Case report: Severe sinus tachycardia as a leading manifestation of systemic lupus erythematosus flare

Systemic lupus erythematosus (SLE) is known to have various cardiac manifestations, including arrhythmias and tachycardia. However, it is rare to encounter severe sinus tachycardia as a presenting feature in patients with SLE. Herein, we present a case of a 32-year-old Filipino female with a history of recurrent hospital admissions due to palpitations and uncontrolled tachycardia. Despite trying various symptomatic treatments, her symptoms remained persistent. Ultimately, the patient was diagnosed with SLE during her hospital stay. Eventually, her symptoms improved after initiating steroids. In conclusion, severe sinus tachycardia could be an unusual presentation of SLE that physicians should consider.

Introduction

Systemic lupus erythematosus (SLE) is a complex autoimmune disorder that can affect multiple organ systems (1). The incidence of cardiac manifestations in SLE patients varies widely, with estimates reaching more than 50% (1). Additionally, the incidence of premature cardiovascular disease in patients with SLE is higher than in the general population (2). Cardiac manifestations are common complications of SLE and can range from mild symptoms, such as palpitations, to life-threatening conditions, such as arrhythmias and myocarditis (1). A wide variety of cardiac arrhythmias have been reported in patients with SLE (3). Such arrhythmias include atrial tachycardia, atrial fibrillation, QTc prolongation, and heart blocks (3). In addition, commonly used medications in treating SLE, such as hydroxychloroquine, can induce QTc prolongation (4). Thus, early diagnosis and treatment of cardiac manifestations are essential in improving the outcomes of SLE patients.

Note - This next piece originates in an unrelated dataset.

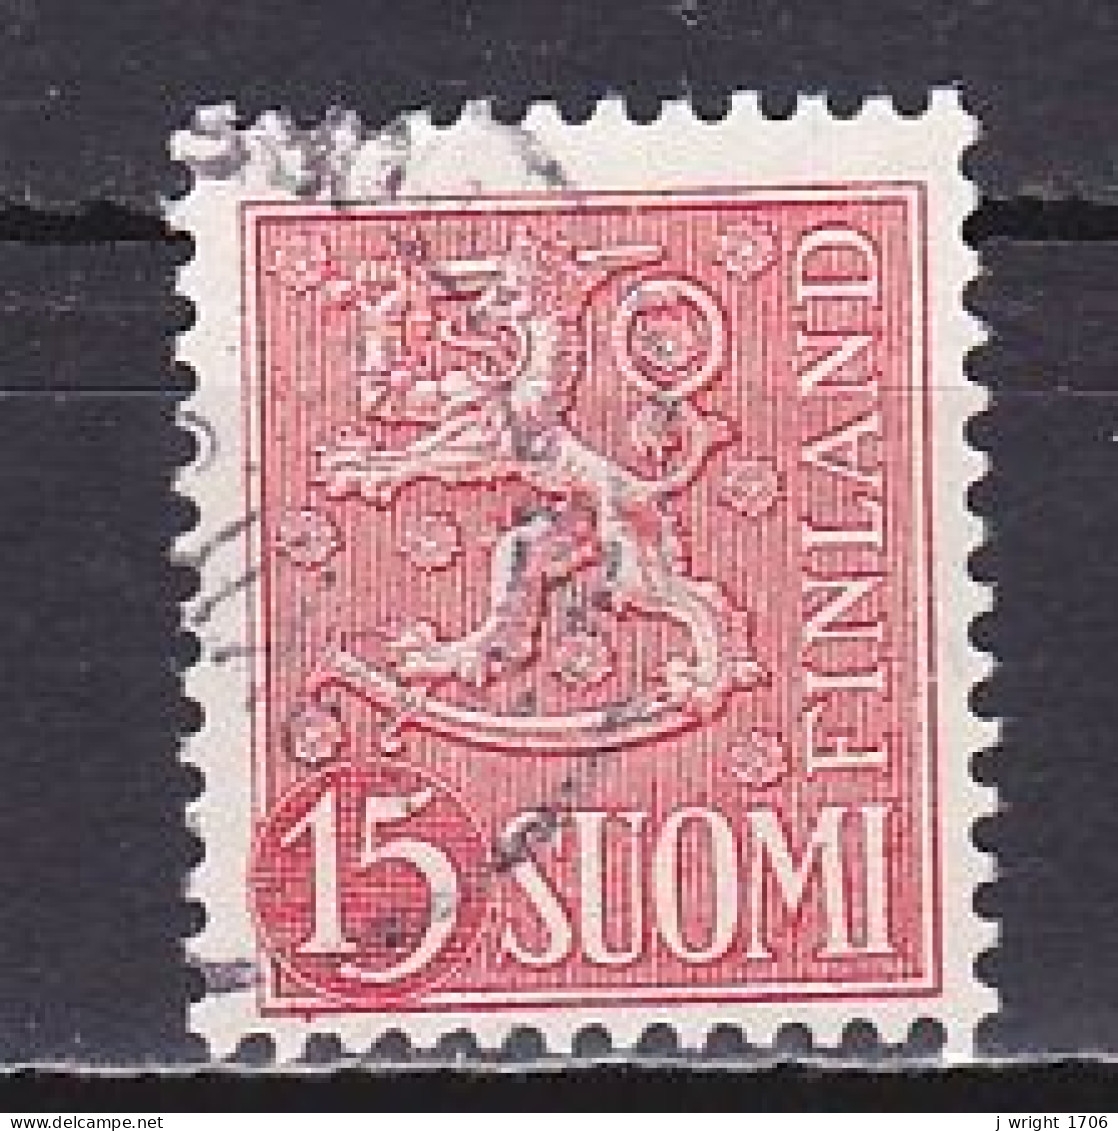 Finland, 1954, Lion, 15mk, USED - Used Stamps
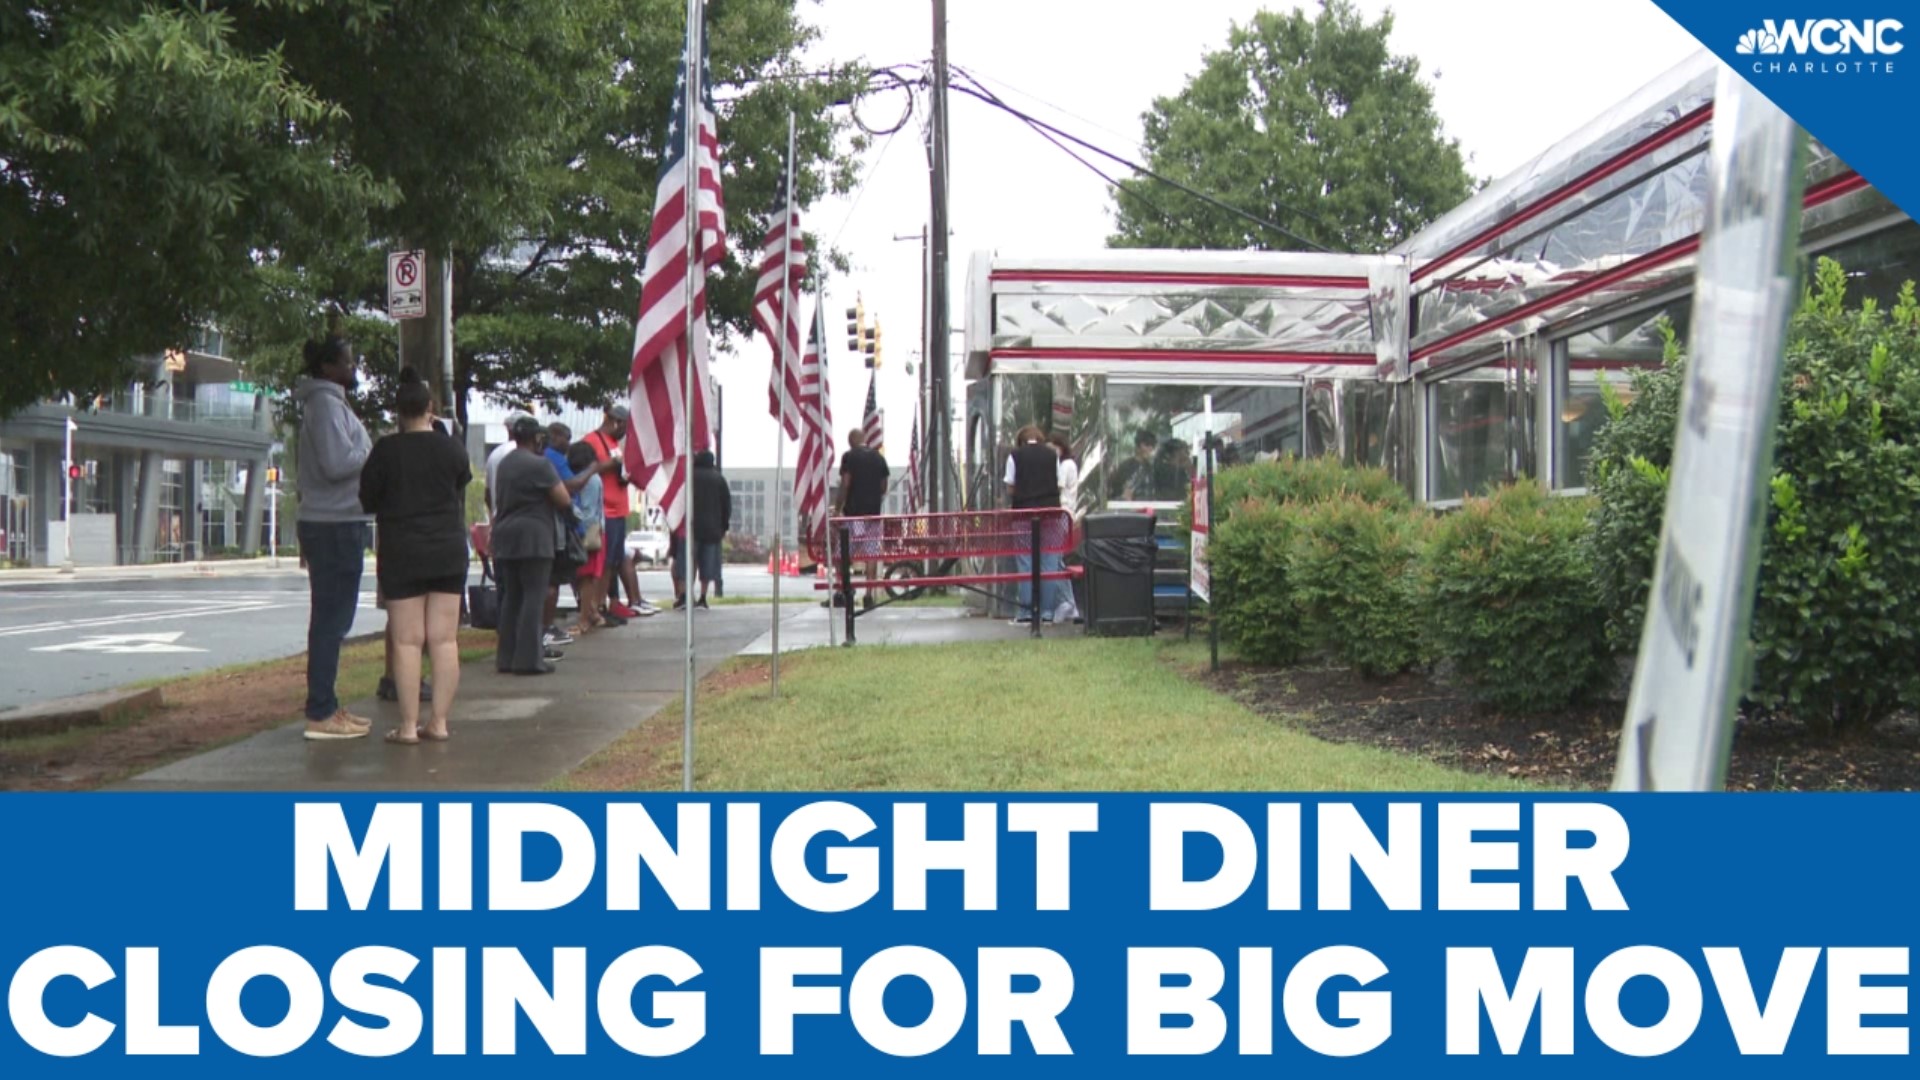 Midnight Diner, the popular '50s-style diner in Charlotte's South End, will be closing after Labor Day ahead of its relocation to Uptown.

In this report, we describe the case of a young female patient who only experienced recurrent palpitations and severe tachycardia rather than the other typical features of SLE and was hence diagnosed late.

Case presentation

A 32-year-old Filipino female, hospitalized twice over the last 2 months due to palpitations, came for a third time with progressive palpitations. Her heart rate reached 100–150 beats per minute (bpm). Palpitations were also associated with a generalized skin rash for 3 days. However, the patient denied having fever, chest pain, breathlessness, joint pain, mouth ulcers, or eye pain. She also denied using any new medications. Her medical history is unremarkable, apart from an episode of viral myocarditis diagnosed and treated conservatively 4 months before this presentation. Upon her admission, the cardiac magnetic resonance imaging (MRI) showed mild global hypokinesia with mildly impaired systolic function of 50%, basal inferior wall edema with subepicardial early, and delayed hyperenhancement suggestive of acute myocarditis. As part of investigating the possible causes of myocarditis, autoimmune antibodies were sent before discharge and were to be reviewed in her outpatient appointment.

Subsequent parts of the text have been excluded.